Question

For women's volleyball the top of the net is 2.24 m above the floor and the court measures 9.00 m by 9.00 m on each side of the net. Using a jump serve, a player strikes the ball at a point that is 3.01 m above the floor and a horizontal distance of 7.93 m from the net. If the initial velocity of the ball is horizontal, (a) what minimum magnitude must it have if the ball is to clear the net and (b) what maximum magnitude can it have if the ball is to strike the floor inside the back line on the other side of the net?

Answer 1

(a) The speed must be greater than 20 m/s

(b) The maximun speed must be 21.6 m/s

Step-by-step explanation:

Since it's not specified, we can consider the air resistance to be zero, so this problem enters into the uniformly accelerated motion ones.

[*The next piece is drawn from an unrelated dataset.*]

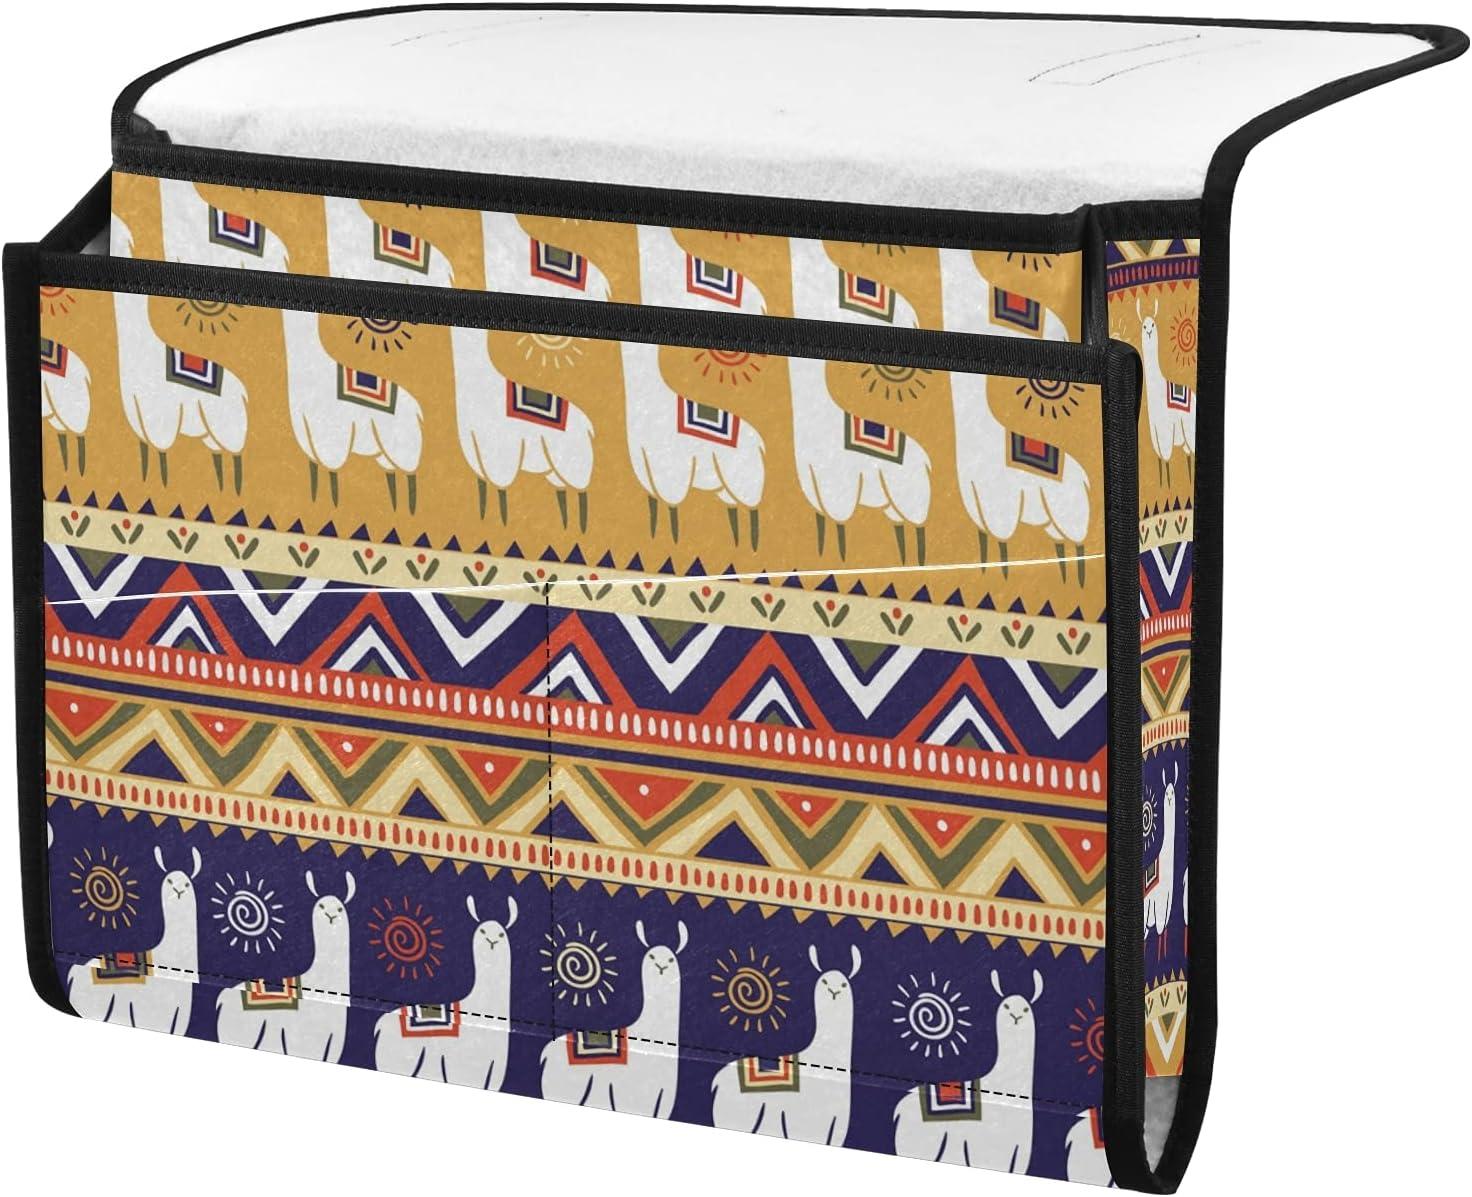 Bedside Caddy Colorado Springs Dallas Mall Mall Storage Organizer Alpaca Indian R Style in

For this kind of problems there's two main equations for describing the end position
`d` and velocity
`v` as a function of time
`t`:

`d=d_0+v_0t+v_0^2+(1)/(2)at^2\\v=v_0+at`

where
`v_0` and
`d_0` are the initial velocity and position respectivly.

For this case the acceleration is the gravity
`g=9.8(m)/(s^2)` which is on the vertical axis and the initial velocity is zero since the ball is propelled on the horizontal axis. There's no aceleration on the horizontal axis.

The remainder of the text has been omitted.